Abstract
Purpose:
We evaluated the Exome Aggregation Consortium (ExAC) database as a control cohort to classify variants across a diverse set of genes spanning dominant and recessively inherited disorders.
Methods:
The frequency of pathogenic variants in ExAC was compared with the estimated maximal pathogenic allele frequency (MPAF), based on the disease prevalence, penetrance, inheritance, allelic and locus heterogeneity of each gene. Additionally, the observed carrier frequency and the ethnicity-specific variant distribution were compared between ExAC and the published literature.
Results:
The carrier frequency and ethnic distribution of pathogenic variants in ExAC were concordant with reported estimates. Of 871 pathogenic/likely pathogenic variants across 19 genes, only 3 exceeded the estimated MPAF. Eighty-four percent of variants with ExAC frequencies above the estimated MPAF were classified as “benign.” Additionally, 20% of the cardiac and 19% of the Lynch syndrome gene variants originally classified as “VUS” occurred with ExAC frequencies above the estimated MPAF, making these suitable for reassessment.
Conclusions:
The ExAC database is a useful source for variant classification and is not overrepresented for pathogenic variants in the genes evaluated. However, the mutational spectrum, pseudogenes, genetic heterogeneity, and paucity of literature should be considered in deriving meaningful classifications using ExAC.
Genet Med 18 8, 850–854.
Similar content being viewed by others
Introduction
Rapid advances in sequencing technologies have resulted in increasingly more genetic testing services, ranging from single-gene analysis to targeted panels and whole-exome and whole-genome sequencing. In clinical settings, the limiting factor has shifted from acquisition of sequencing data to classification, interpretation, and reporting of novel and recurring sequence variants with little or no conclusive information supporting causation.1
Classification of sequence variants considers the prevalence of the variant in presumably healthy unaffected individuals, cosegregation of the variant with disease in families, and computational and in vitro/in vivo analyses showing the predicted effect of the variant on function or aberrant splicing.2 In particular, the frequency of occurrence, or lack thereof, of a variant in the general population (controls) constitutes an important line of evidence impacting variant classification. Additionally, these databases are utilized in next-generation sequencing pipelines to exclude common variants that are less likely to be pathogenic.3,4 If the frequency threshold is set too low or if the data set used to ascertain frequency contains affected individuals, then potentially disease-causing variants may be filtered out in the early stages of the pipeline. Therefore, the utility of large frequency databases to support classification and analysis of variants is rapidly gaining momentum.

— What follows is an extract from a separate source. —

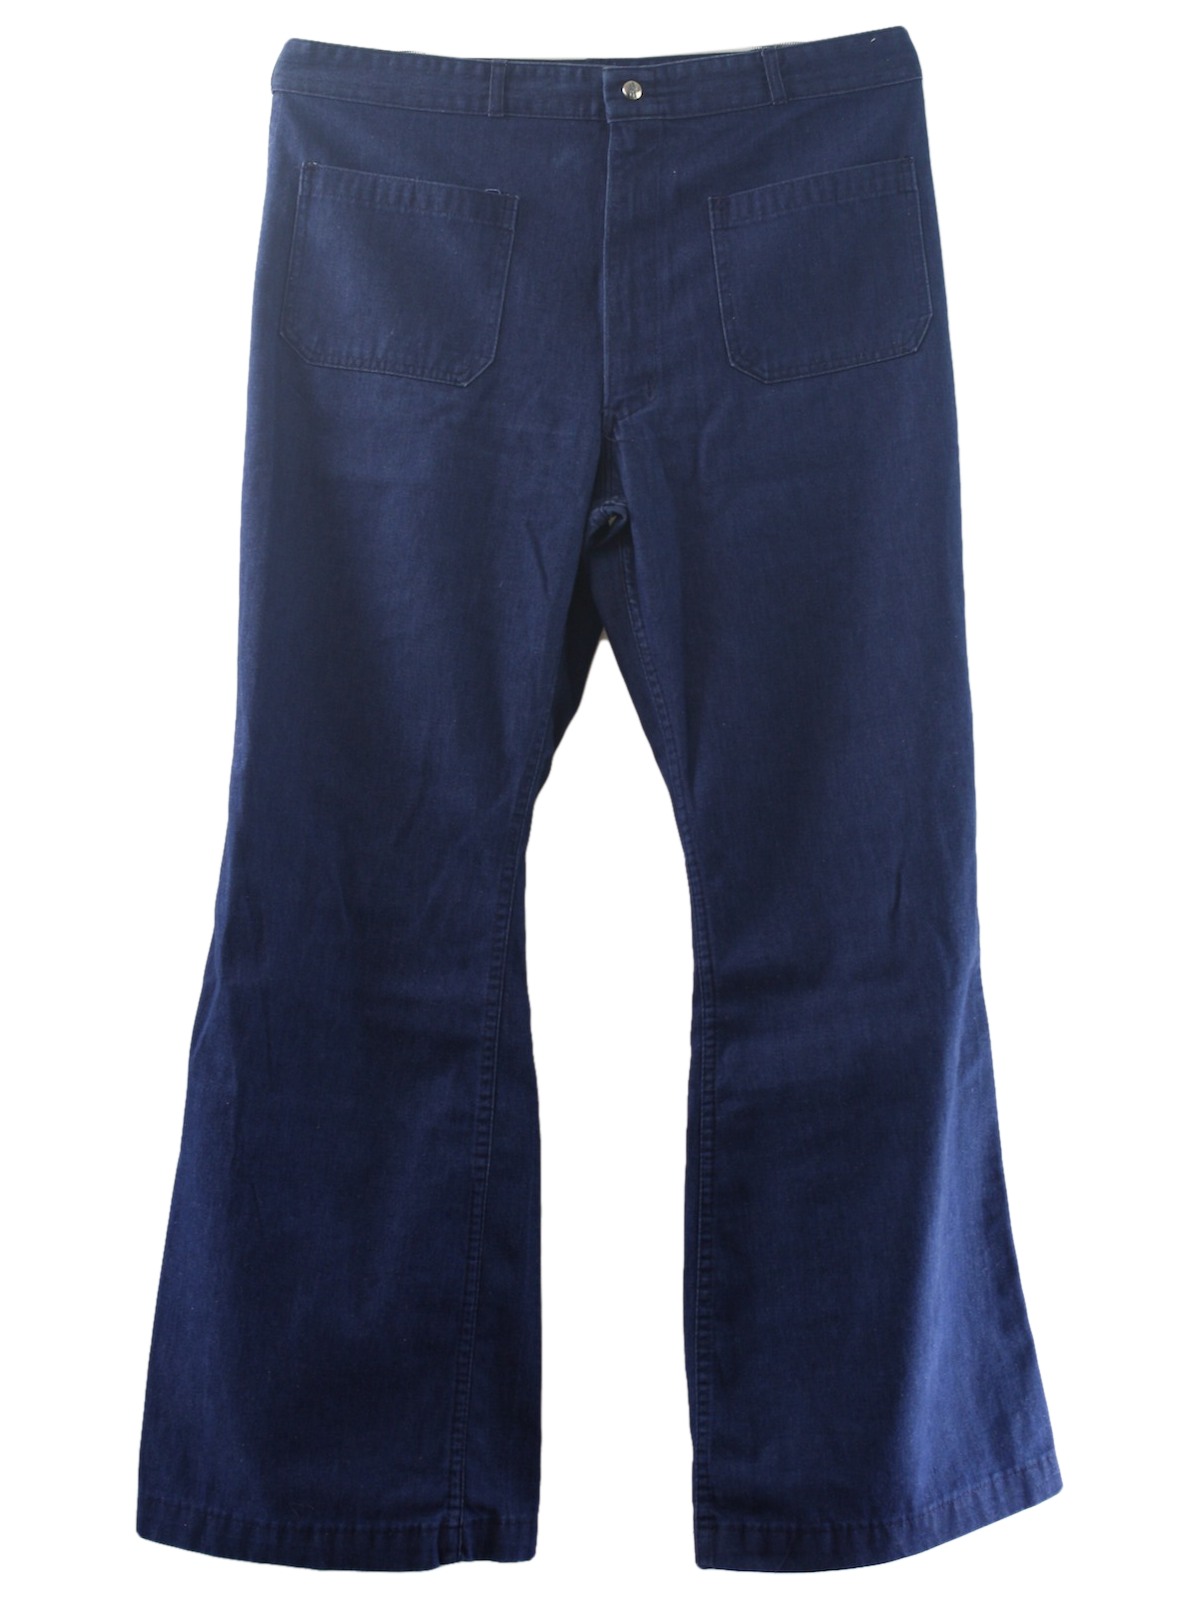 Vintage Seafarer 1970s Bellbottom Pants: 70s -Seafarer- Mens dark blue ...

The Exome Aggregation Consortium (ExAC),5 a collection of whole-exome sequencing data from more than 60,000 ostensibly healthy individuals representing diverse human populations, was released in late 2014. The aim of this study was to evaluate this database as a representative control cohort for analysis and classification of sequence variants observed in a clinical laboratory. In particular, we wanted to explore whether the ExAC data set was enriched for pathogenic variation in specific disorders or genes. As the number, diversity, and heterogeneity of genes and disorders tested in clinical settings are rather diverse, we decided to pilot our study to include a broad, but representative, sampling of dominant tumor suppressor genes, dominant cardiovascular-disorder genes, and recessive genes with well-established clinical utility and uptake in clinical diagnostic settings.
Materials and Methods
Data collection and analysis
The ExAC data set provides sequence variation in 60,706 unrelated individuals from various disease-specific and population genetic studies. The data set includes a distribution of diverse ethnicities including European (non-Finnish), European (Finnish), African, Latino, South Asian, East Asian, and “Other.” Sequencing data from 17 contributing projects were included in ExAC. Although phenotype data for the individuals included have not been provided, individuals affected by severe pediatric disease were excluded from the data set.
Variants for analysis comprised a collection of our internal classifications in 19 genes to include dominant tumor suppressor genes (BRCA1, BRCA2, MLH1, MSH2, MSH6, and PMS2), dominant cardiac-disorder genes (MYBPC3, MYH7, TNNT2, TNNI3, PKP2, DSG2, DSP, DSC2, and FBN1), and recessive genes (CFTR, GJB2, HBB, and MEFV). All variants were classified by a tiered in-house variant classification protocol (https://submit.ncbi.nlm.nih.gov/ft/byid/pttb9itm/labcorp_variant_classification_method_-_may_2015.pdf) following guidelines issued by the American College of Medical Genetics and Genomics (ACMG).2 The data presented encompass 2,984 classified variants across 19 genes spanning diverse disorders and modes of inheritance.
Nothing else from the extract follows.